▶ **Given information**

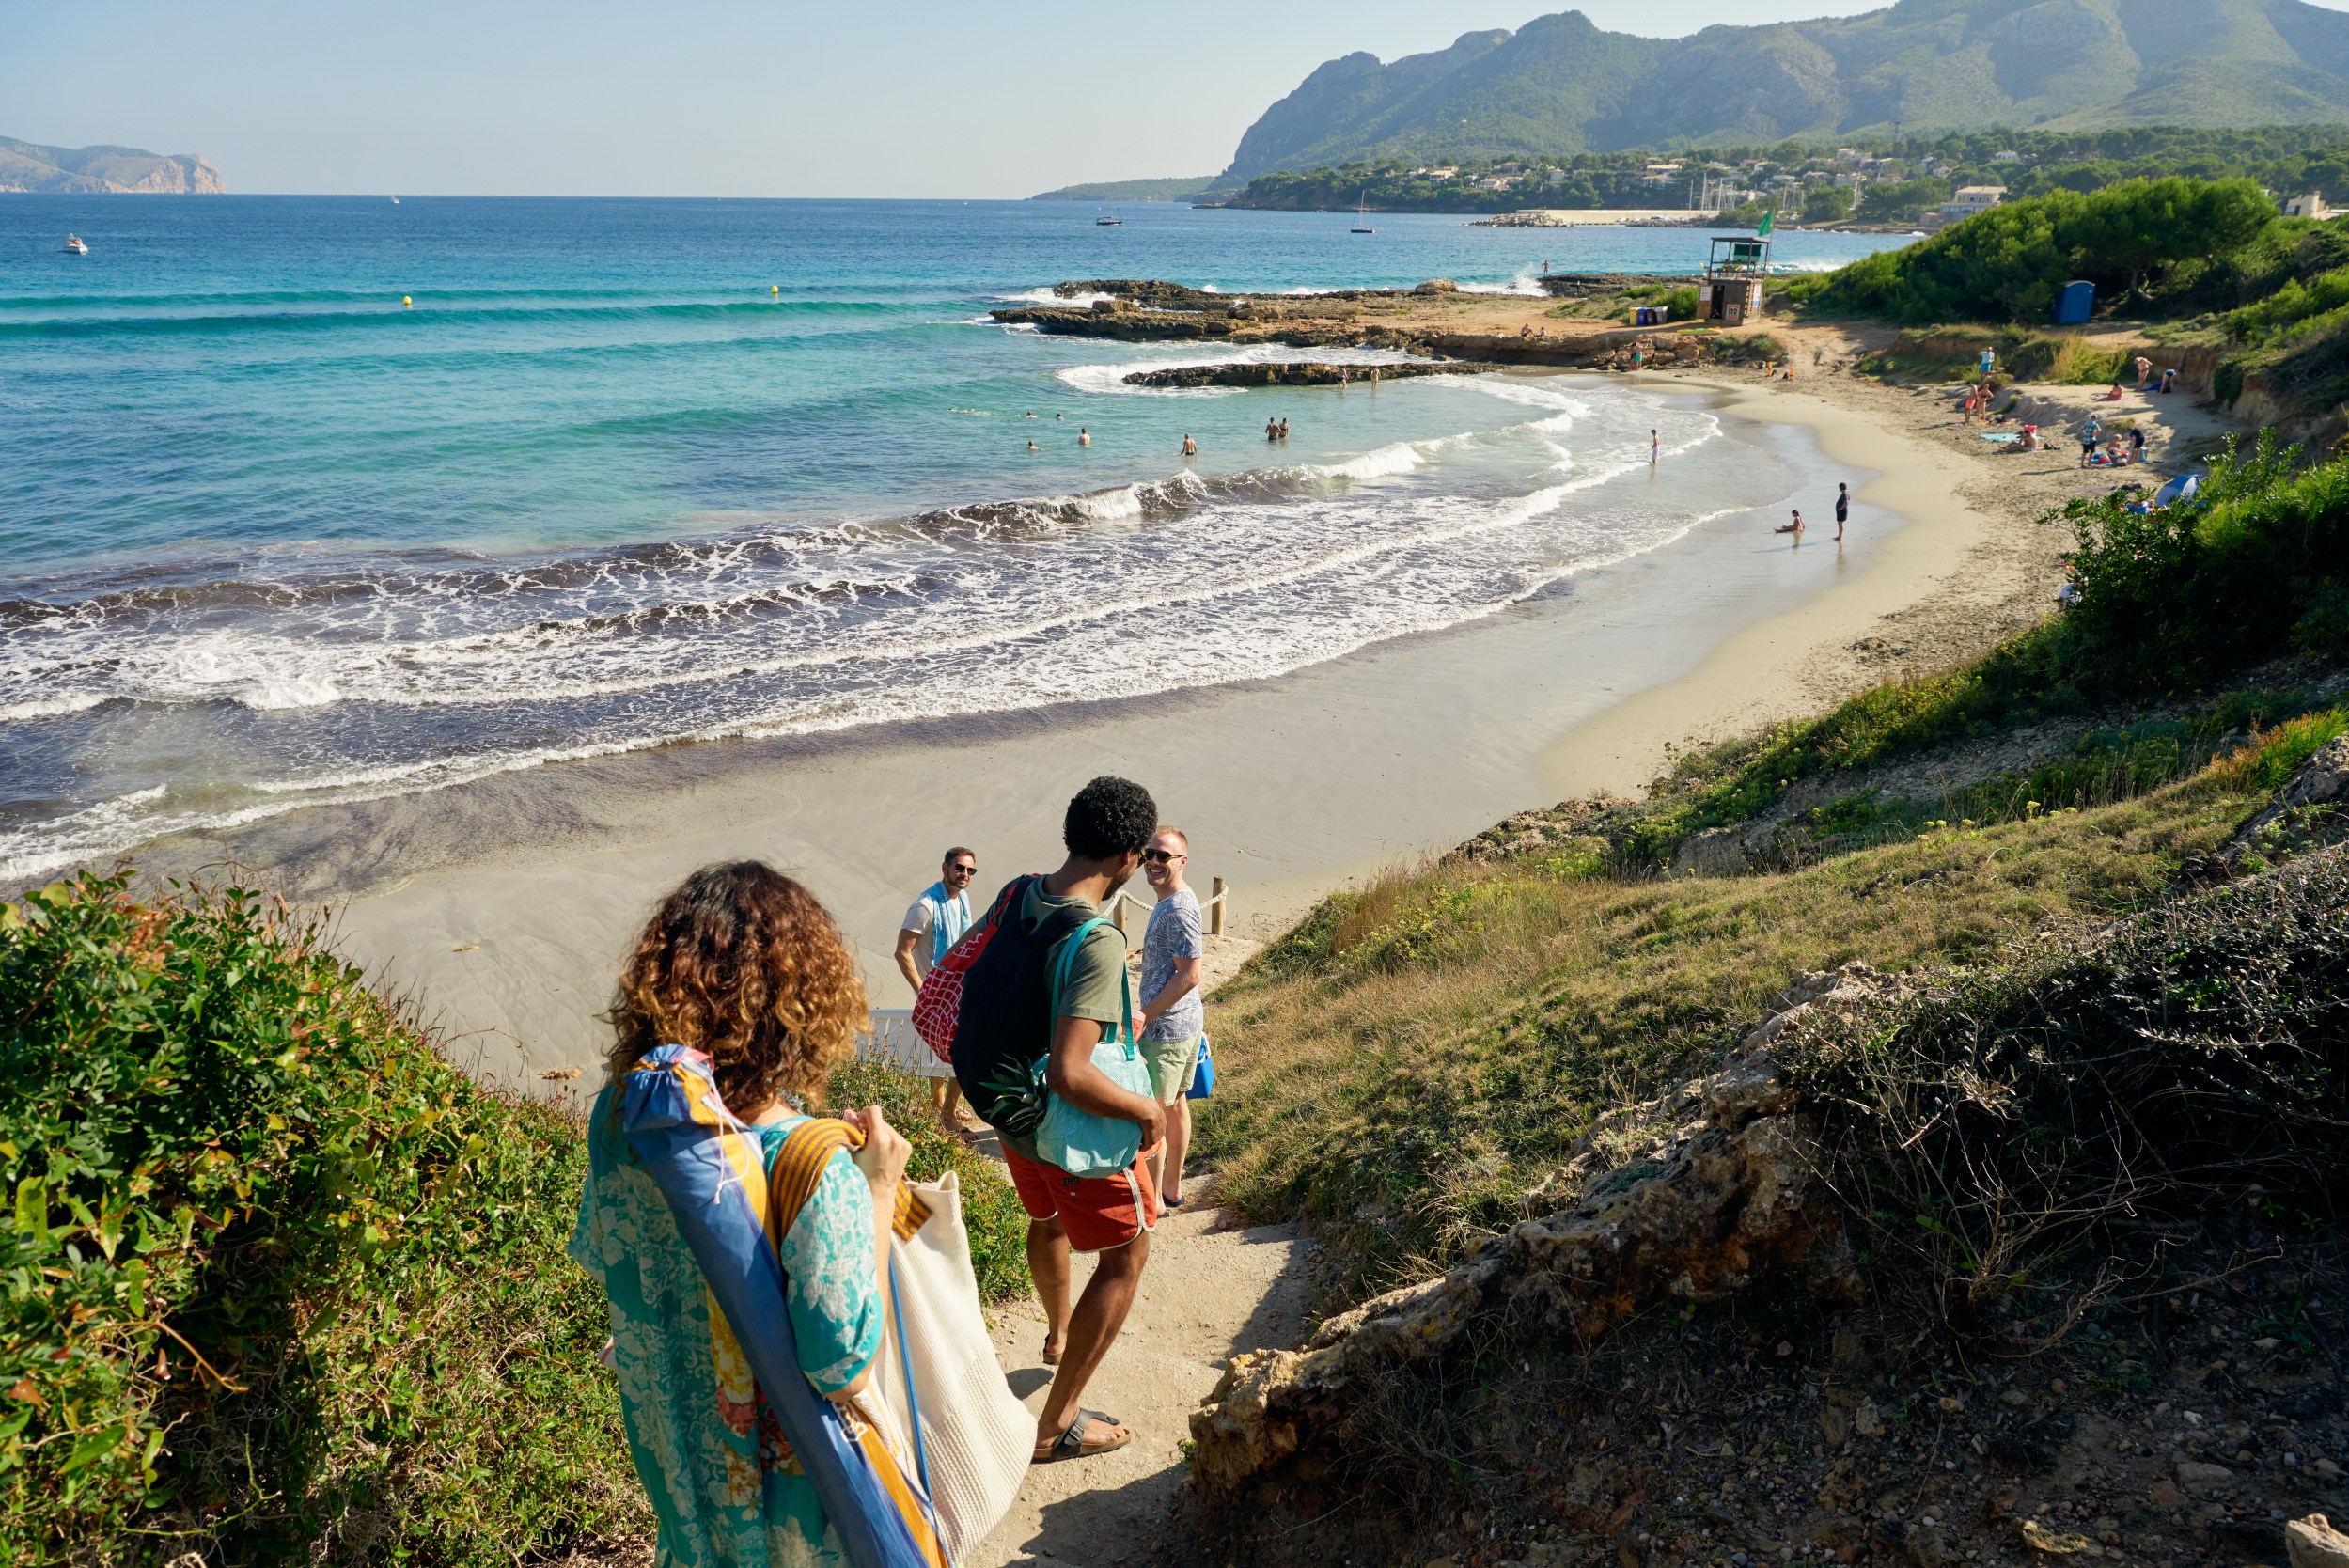 Group of travelers walking down a sandy path to an untouched beach.
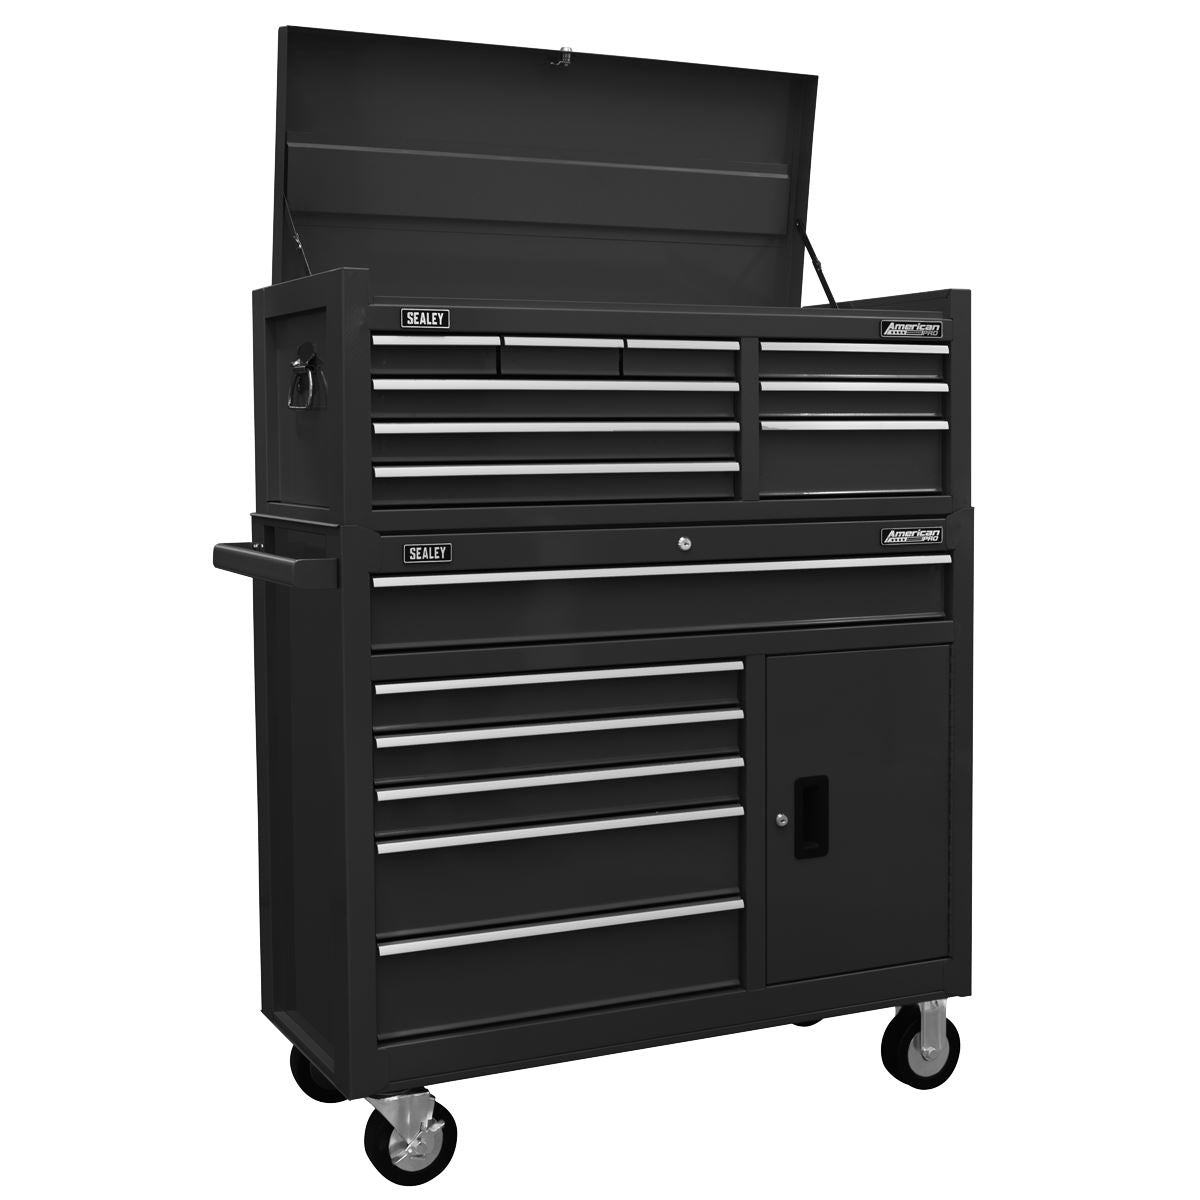 Sealey American Pro Topchest 9 Drawer with Ball Bearing Slides - Black
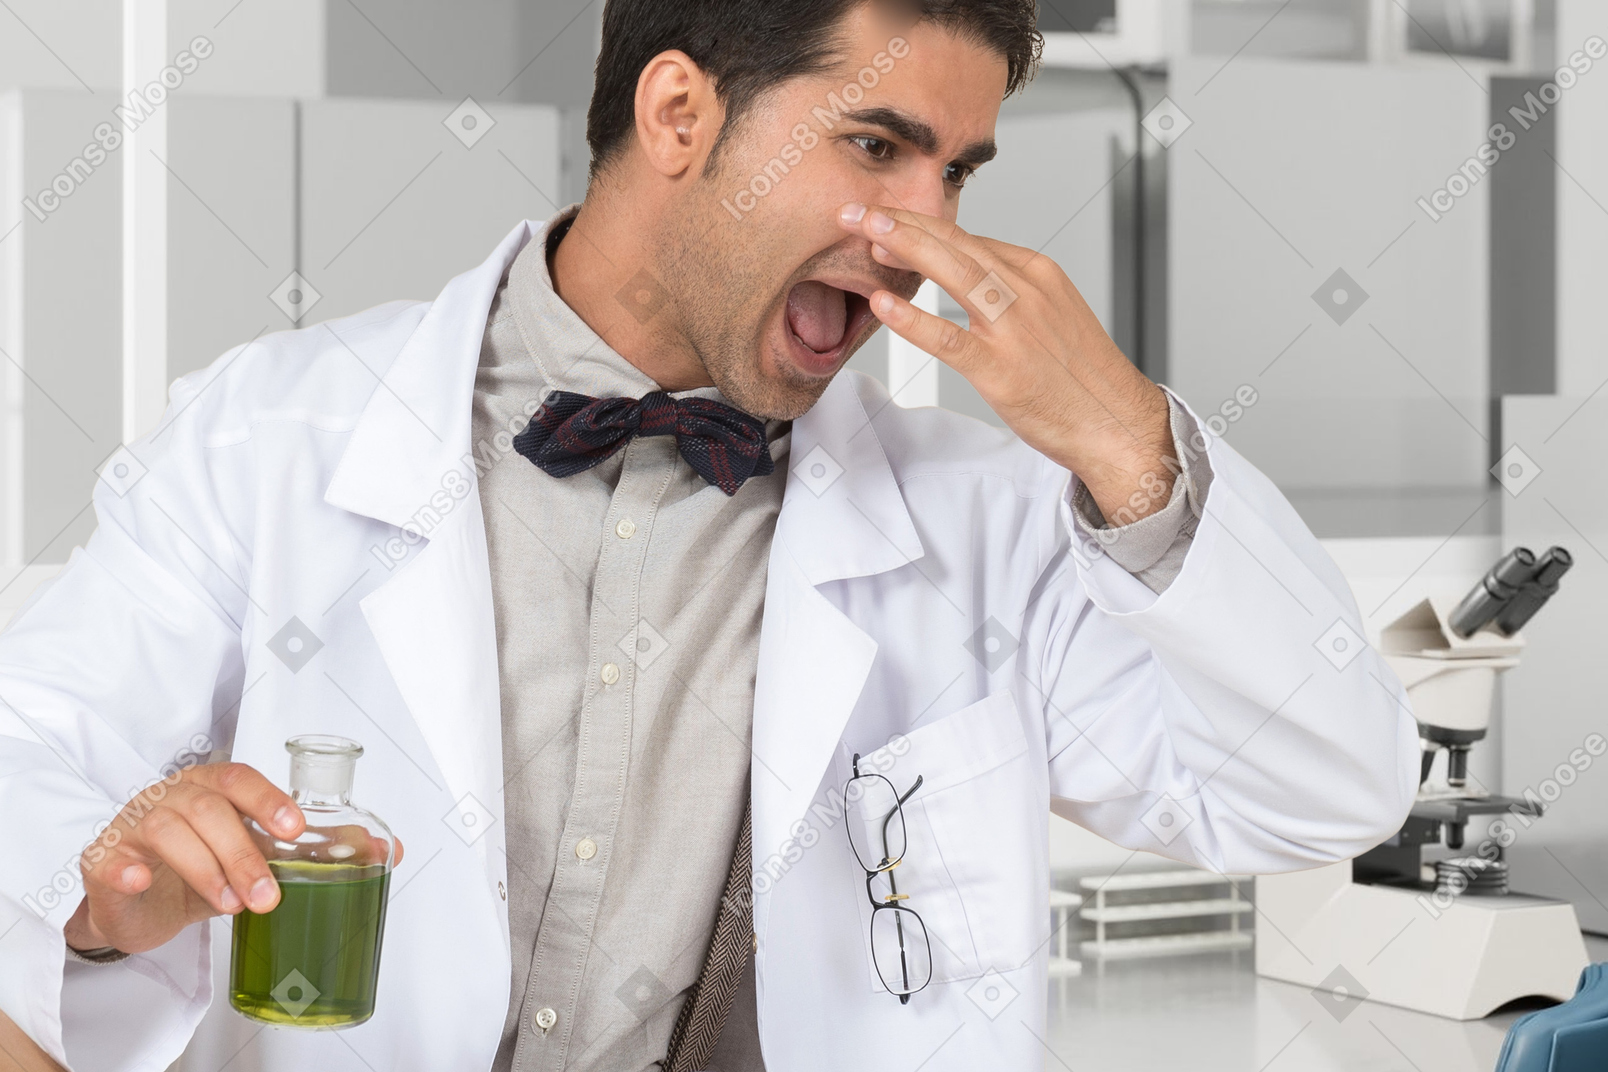 A man in a lab coat holding a glass of green liquid and closing his nose

▶ **Task instructions**
Write out the data above exactly as it appears, but without any image.

▶ **Answer**
 Group of travelers walking down a sandy path to an untouched beach.
 Sealey American Pro Topchest 9 Drawer with Ball Bearing Slides - Black
 A man in a lab coat holding a glass of green liquid and closing his nose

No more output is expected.